As a small boy, he was "bowled over" by the images of people in The Geographical Society magazine. Just before the modern world changed their lives forever, Wilfred Thesiger went into the sands to meet them.

"His adventures as an explorer and soldier in the legendary tradition of Sir Richard Burton and TE Lawrence are recorded in his books Arabian Sands (1959), The Marsh Arabs (1964) and The Last Nomad (1980)." (RZ Shephard, Time Magazine) His "bone-dry" words and stunning photographs make a lasting impression.

Thesiger fought in Africa with the SAS during the Second World War. After the war, he spent five years with the Bedouin. His books describe the savagery, hospitality and nobility which marked his encounters in the desert.

On the staff of the British district commission in the Sudan, he was regularly called on to protect villagers from cattle-killing lions, and shot more than 70, an achievement he came to deplore in the changed world of his nineties.

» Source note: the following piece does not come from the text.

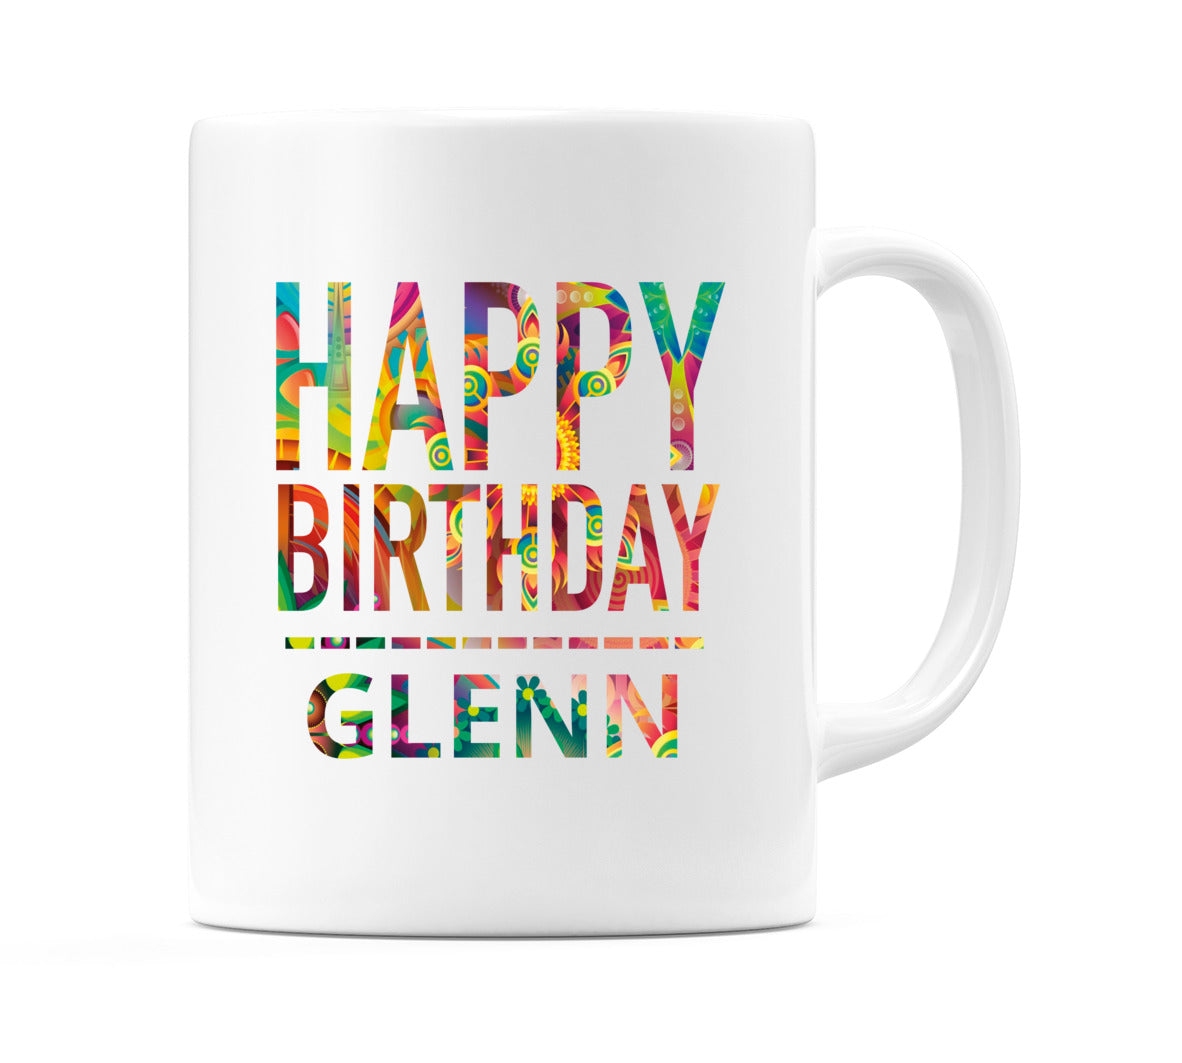 Happy Birthday Glenn (Tie Dye Effect) Mug Cup by WeDoMugs

"He settled finally among the Samburu, whose graceful build and movement he admired and photographed. He built a wooden house with the help of young men whom he adopted as sons and hoped to end his days among them as his family. They all died before him and he came reluctantly back to England."

He was welcomed back to the Travellers, his club in London.

Before he died in 2003, he published his last book, A Vanished World.

Brits reached many ancient worlds before they vanished, and documented them.